**TASK DESCRIPTION**
Every line of the material is to be quoted verbatim, minus the pictures.

**SUPPLIED MATERIAL**

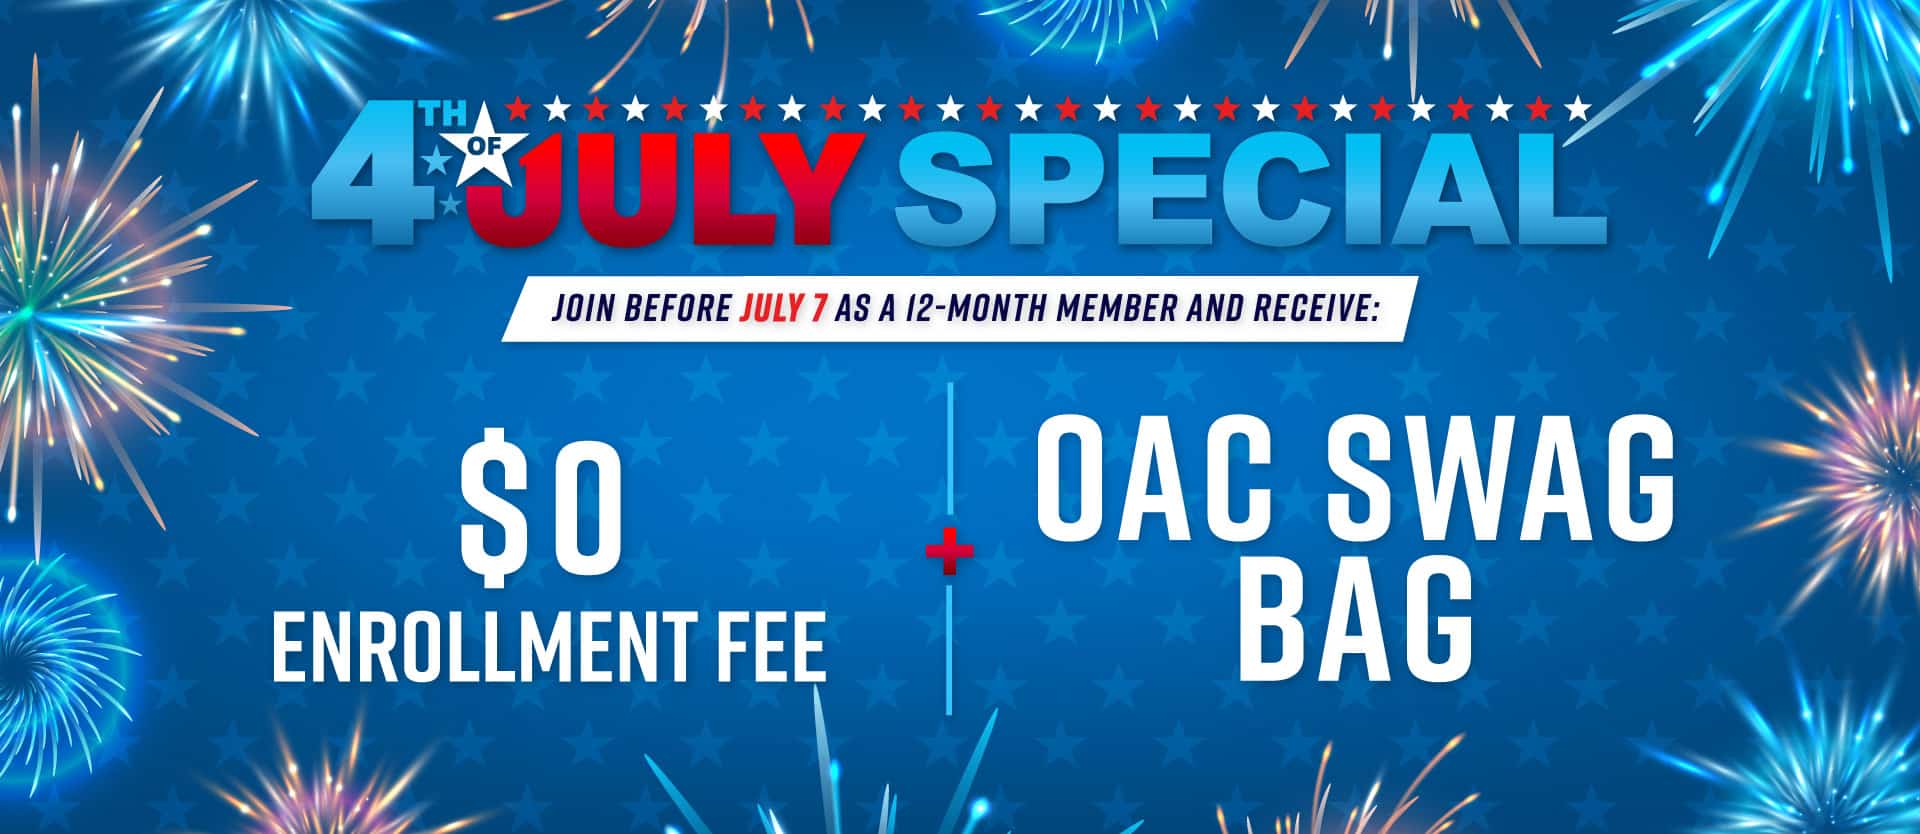 $0 Enrollment Fee and OAC Swag Bag
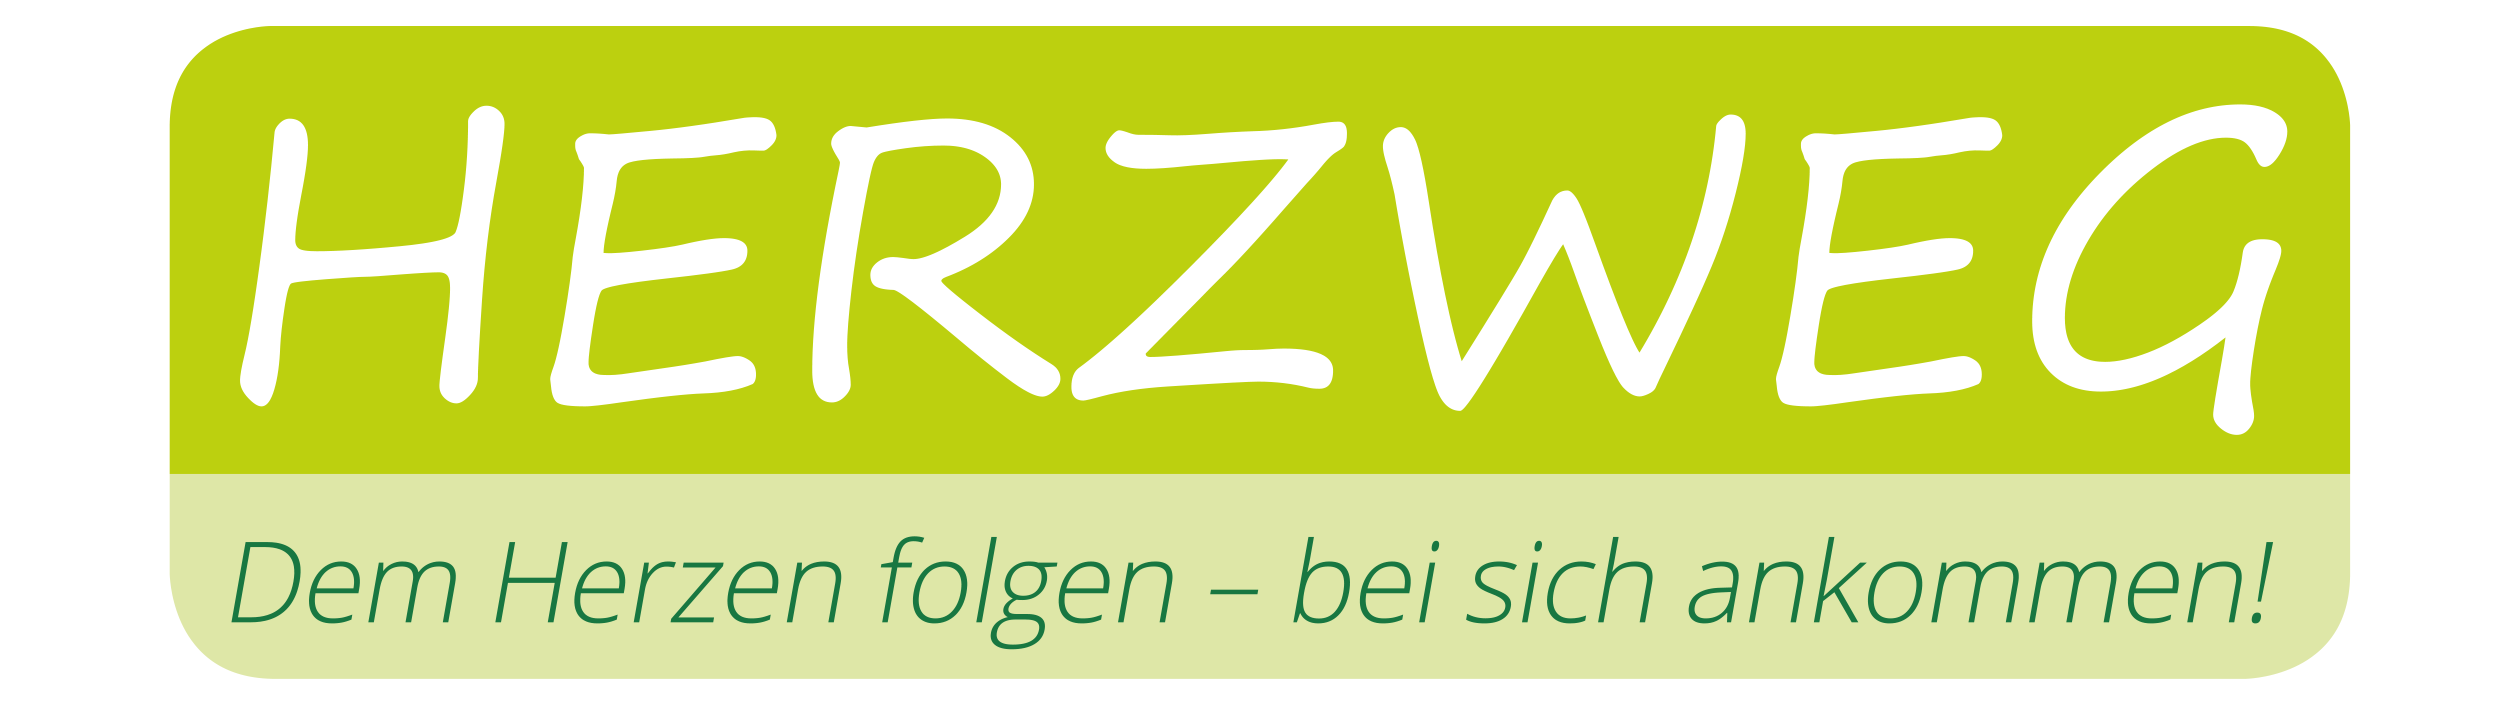 Herzweg Logo
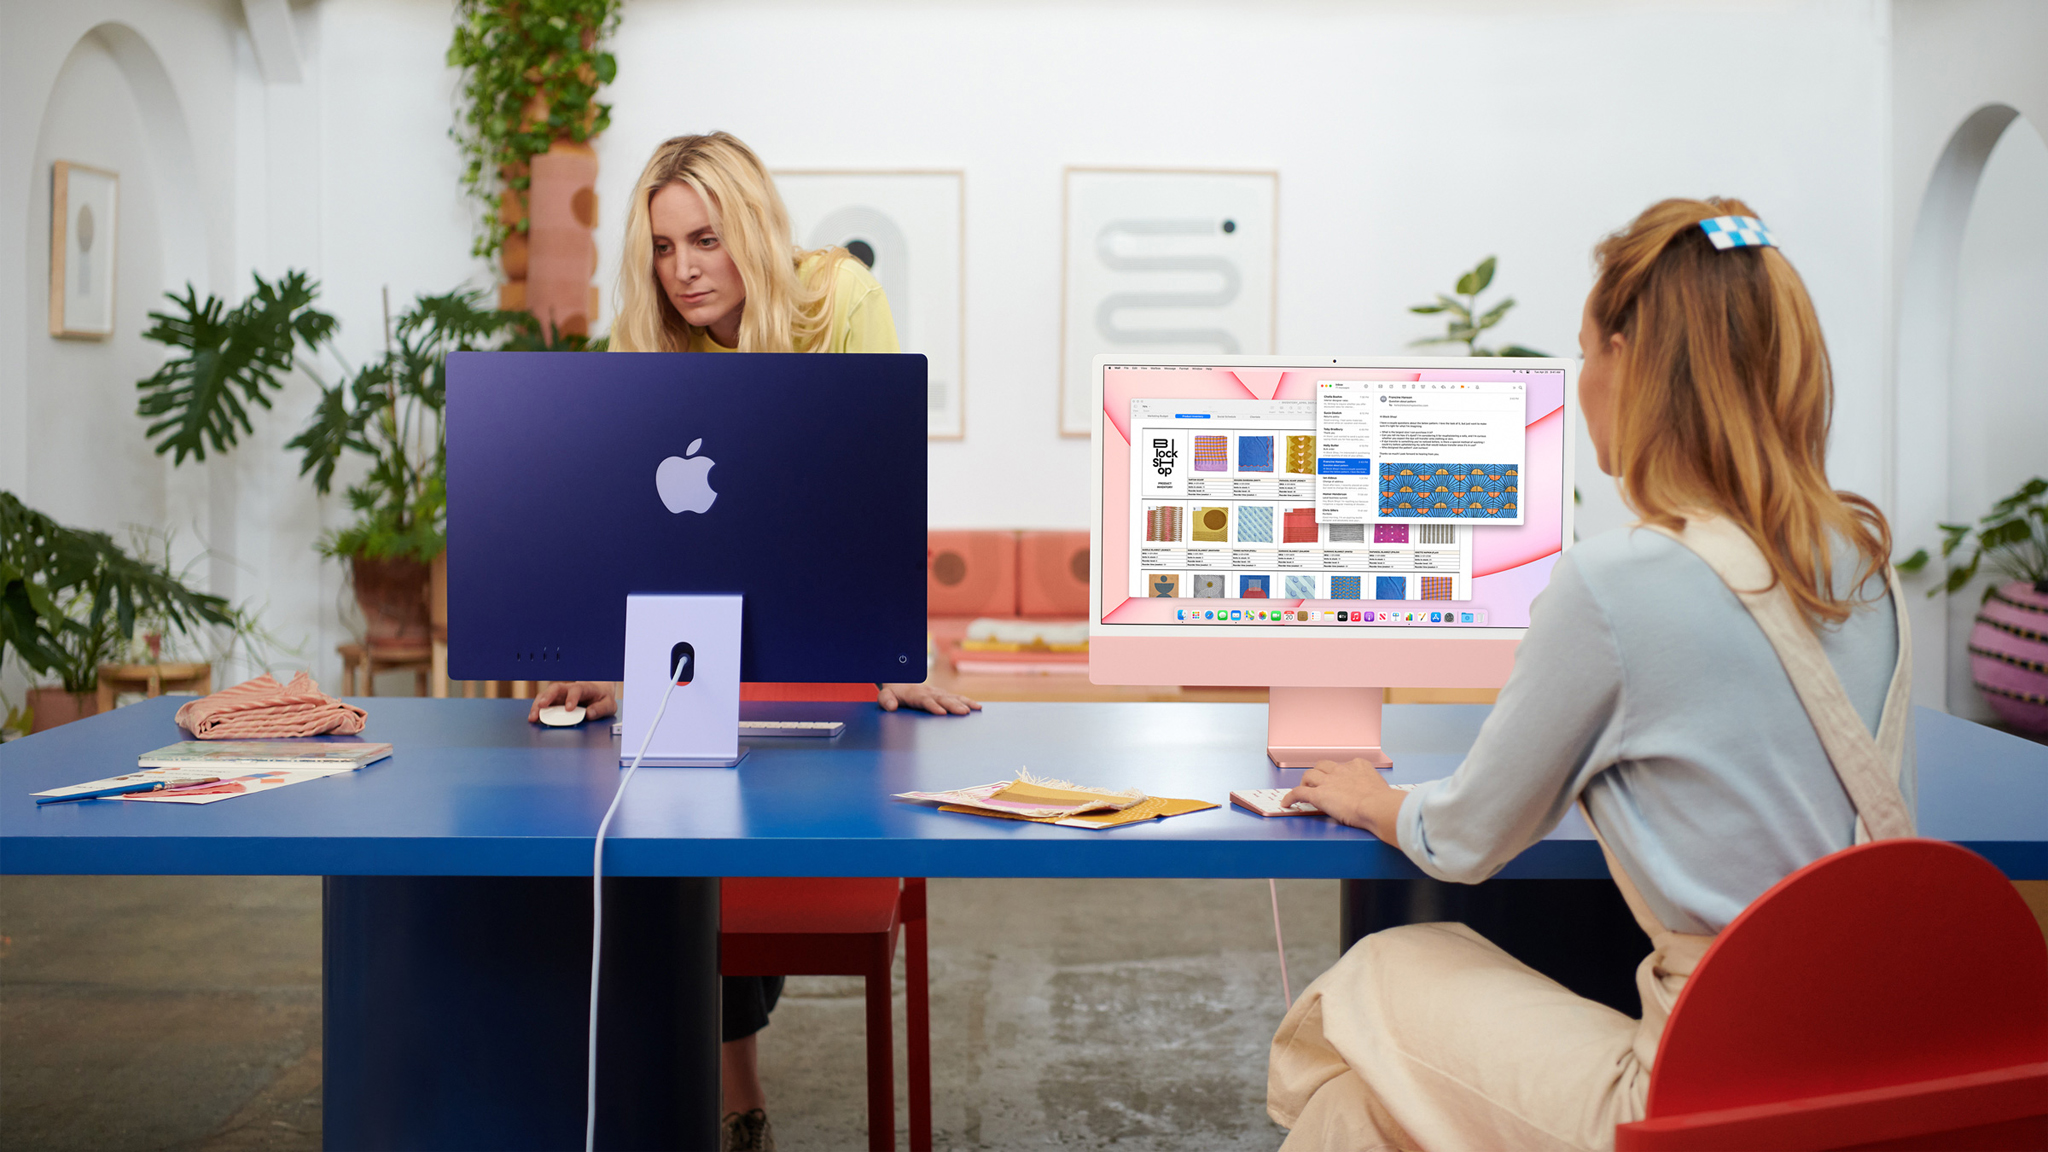 iMac 2021: Preis, Erscheinungsdatum, Design - jetzt mit M1 ...

**WRITTEN RESPONSE**
 $0 Enrollment Fee and OAC Swag Bag
 Herzweg Logo
 iMac 2021: Preis, Erscheinungsdatum, Design - jetzt mit M1 ...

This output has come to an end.